This restored confidence from early-stage investors has allowed entrepreneurs to develop a new wave of online services that have hit it big with users while providing sustainable business models for their startups. Social bookmarking, social networking, blogging, online video, photo sharing, content syndication and podcasting have all recently changed online communications among consumers and organizations.

Along the way, venture capitalists and entrepreneurs have learned valuable lessons from the dot-com debacle. The result: a healthier investment and entrepreneurial climate that again supports Internet innovation. Although some worry that this renewed optimism could yield a new Internet bubble, experts say some principles have taken hold for good.
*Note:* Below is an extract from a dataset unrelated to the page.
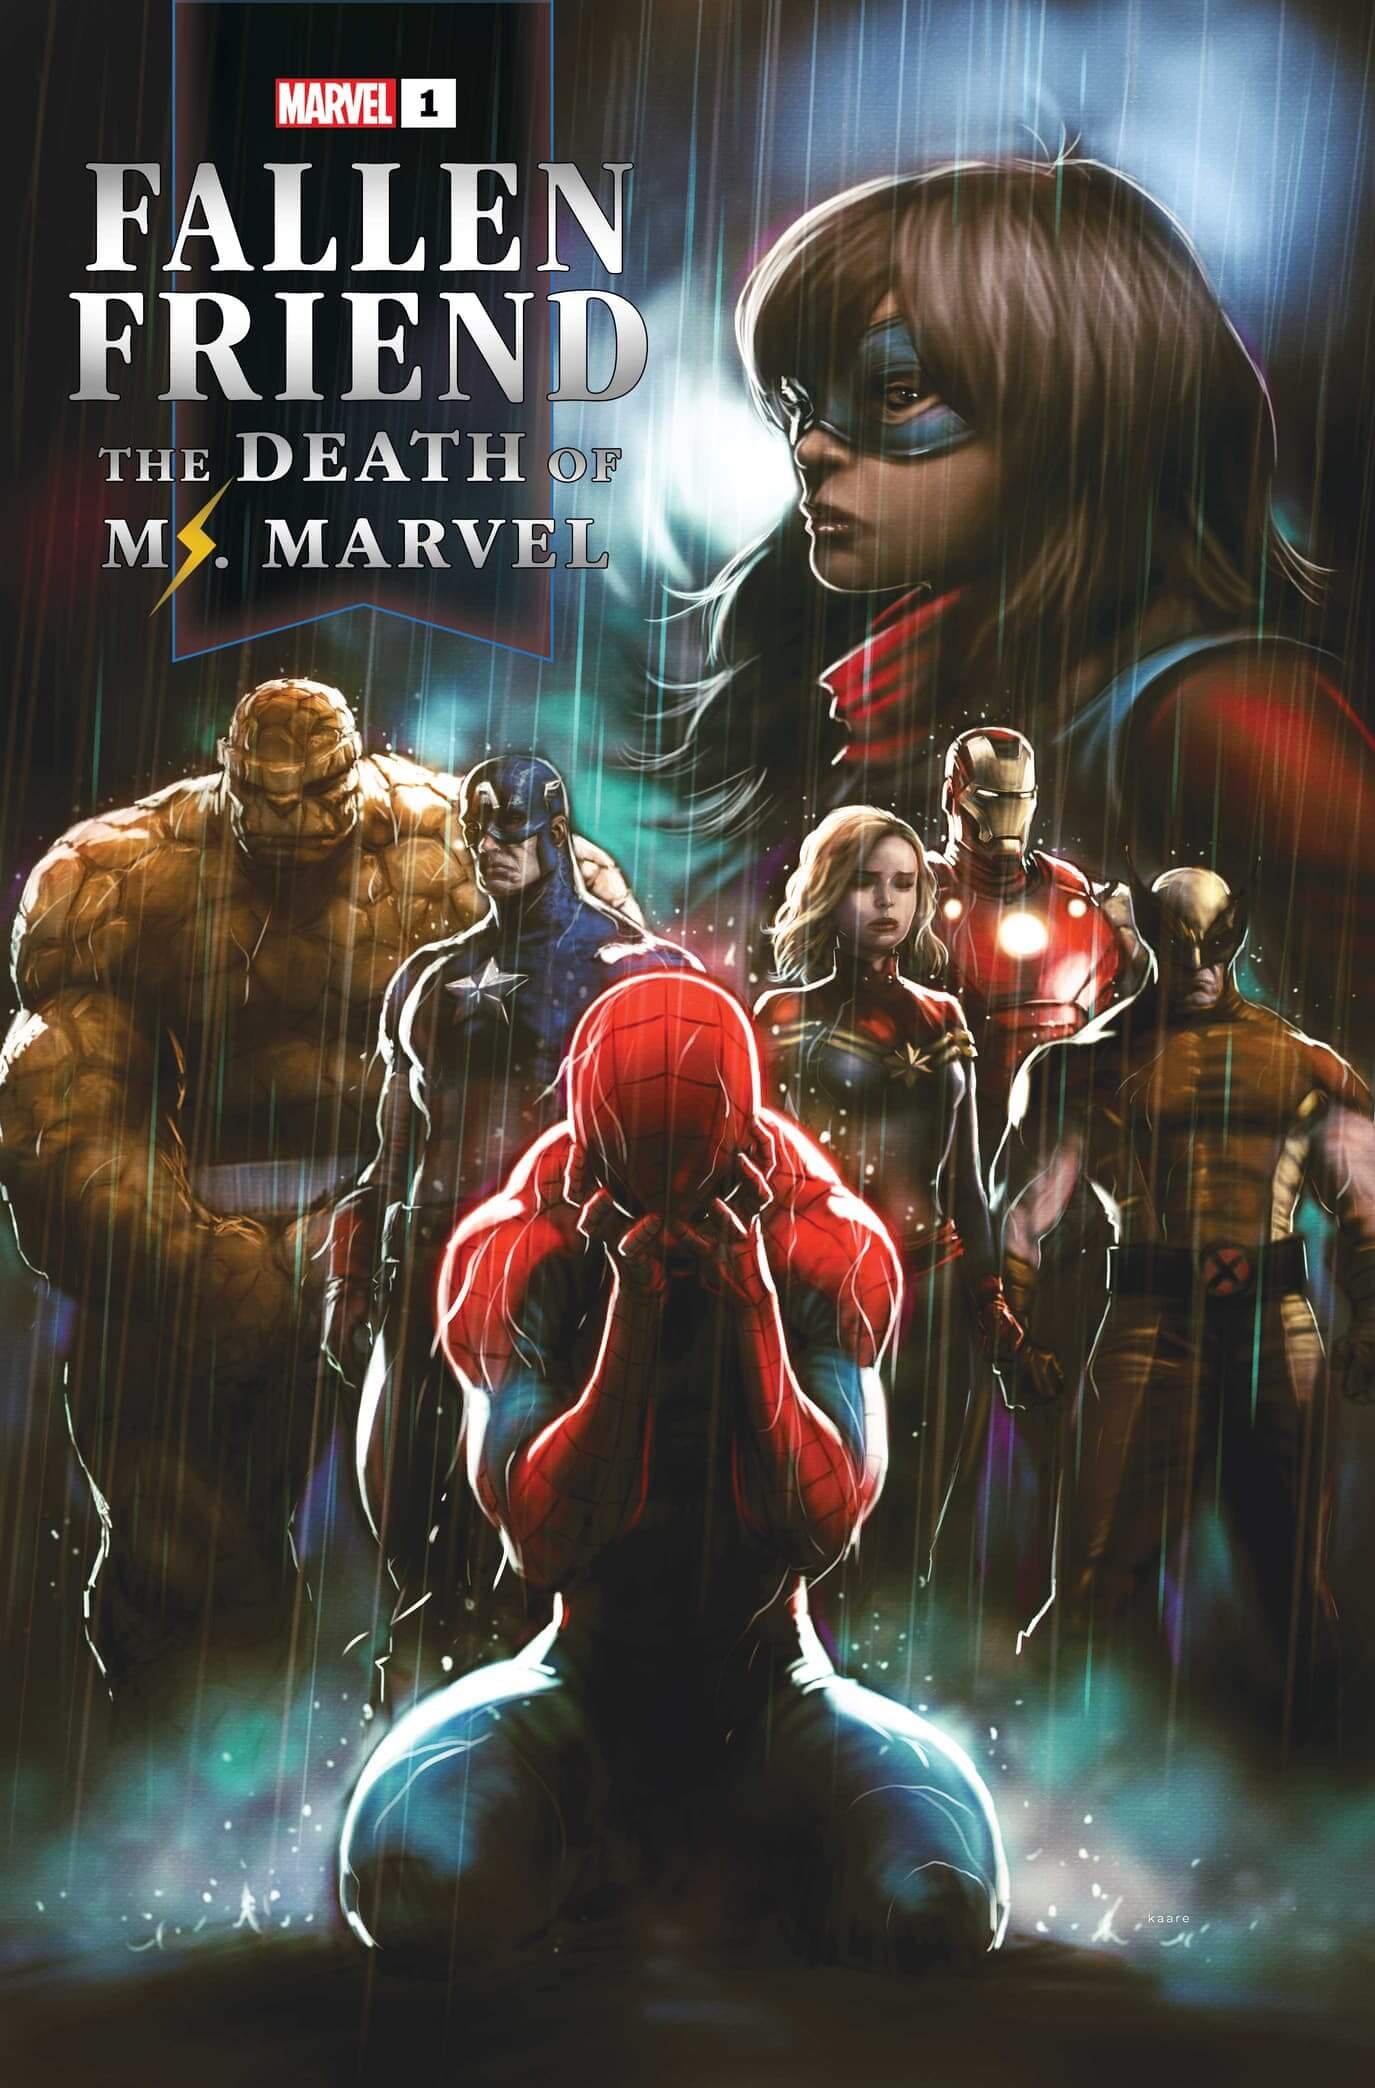 Couverture de Fallen Friend : The Death of Ms Marvel par Kaare Andrews, suite au décès de Kamala Khan dans Amazing Spider-Man #26.

For starters, venture capitalists today claim to better understand the products and services offered by startups they fund and apply stricter principles when evaluating whether to back a company. In the dot-com heyday, venture capitalists often poured money on companies without giving their business plans rigorous reviews and without grasping the startups' core technology.

"In the late 1990s, VCs had a sense of the promise of Internet services but no real understanding of how those services got built, differentiated, defended and became businesses," says Brad Burnham, a partner at Union Square Ventures, a New York venture capital firm. "Now people have a better appreciation for what makes for an attractive user experience and a sustainable business."

Meanwhile, entrepreneurs now build useful online services and companies that require modest startup investment. This contrasts with the excesses of the late 1990s, when startups often spent millions of dollars before launching services. Many point at Google Inc. -- a survivor of the dot-com carnage -- as the company that set the example for this now popular formula of spending moderately while focusing on delivering an online service that generates mass appeal and attracts online advertisers.